Set up: Install Packages
Packages only need to be installed once, you can skip this step after the first time:
R
- neonUtilities: Basic functions for accessing NEON data
- tidyverse: Collection of R packages designed for data science
install.packages("neonUtilities")
install.packages("tidyverse")
Python
- os: Module allowing interaction with user’s operating system
- pandas: Module for working with data frames
- neonutilities: Basic functions for accessing NEON data
- matplotlib: Functions for plotting
pip install os
pip install pandas
pip install neonutilities
pip install matplotlib
Additional Resources
- Tutorial for using neonUtilities from both R and Python environments.

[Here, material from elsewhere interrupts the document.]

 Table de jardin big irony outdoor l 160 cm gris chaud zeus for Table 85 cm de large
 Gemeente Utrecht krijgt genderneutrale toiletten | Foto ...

- GitHub repository for neonUtilities
- neonUtilities cheat sheet. A quick reference guide for users.
Set up: Load Packages
R
library(neonUtilities)
library(tidyverse)
Python
import os
import pandas as pd
import neonutilities as nu
import matplotlib.pyplot as plt
Set NEON Data Portal API Token
It is recommended that NEON data users have a NEON Data Portal API token set as an environment variable. See this tutorial. for instructions on obtaining a NEON API token.
R
Sys.setenv(NEON_PAT="YOUR_API_TOKEN_HERE")
Python
os.environ.setdefault('NEON_PAT',"YOUR_API_TOKEN_HERE")
Download Data Product
In this tutorial, we will focus on a single site, Lower Hop Brook
(HOPB) in NEON Domain 01, but the workflow can be replicated for any
site at which continuous discharge is published by changing the
site input variable. Visit the
NEON
Data Portal landing page for this data product for an availability
chart showing all the sites for which Continuous discharge is published
and the period of record for each site.
For this tutorial we will download all data across the lifetime of a site by commenting out the start and end date in the function. If you wish to query a shorter period of time they can be un-commented. The NEON Data Portal stores data in site*month download packages, so date range inputs are formatted as YYYY-MM.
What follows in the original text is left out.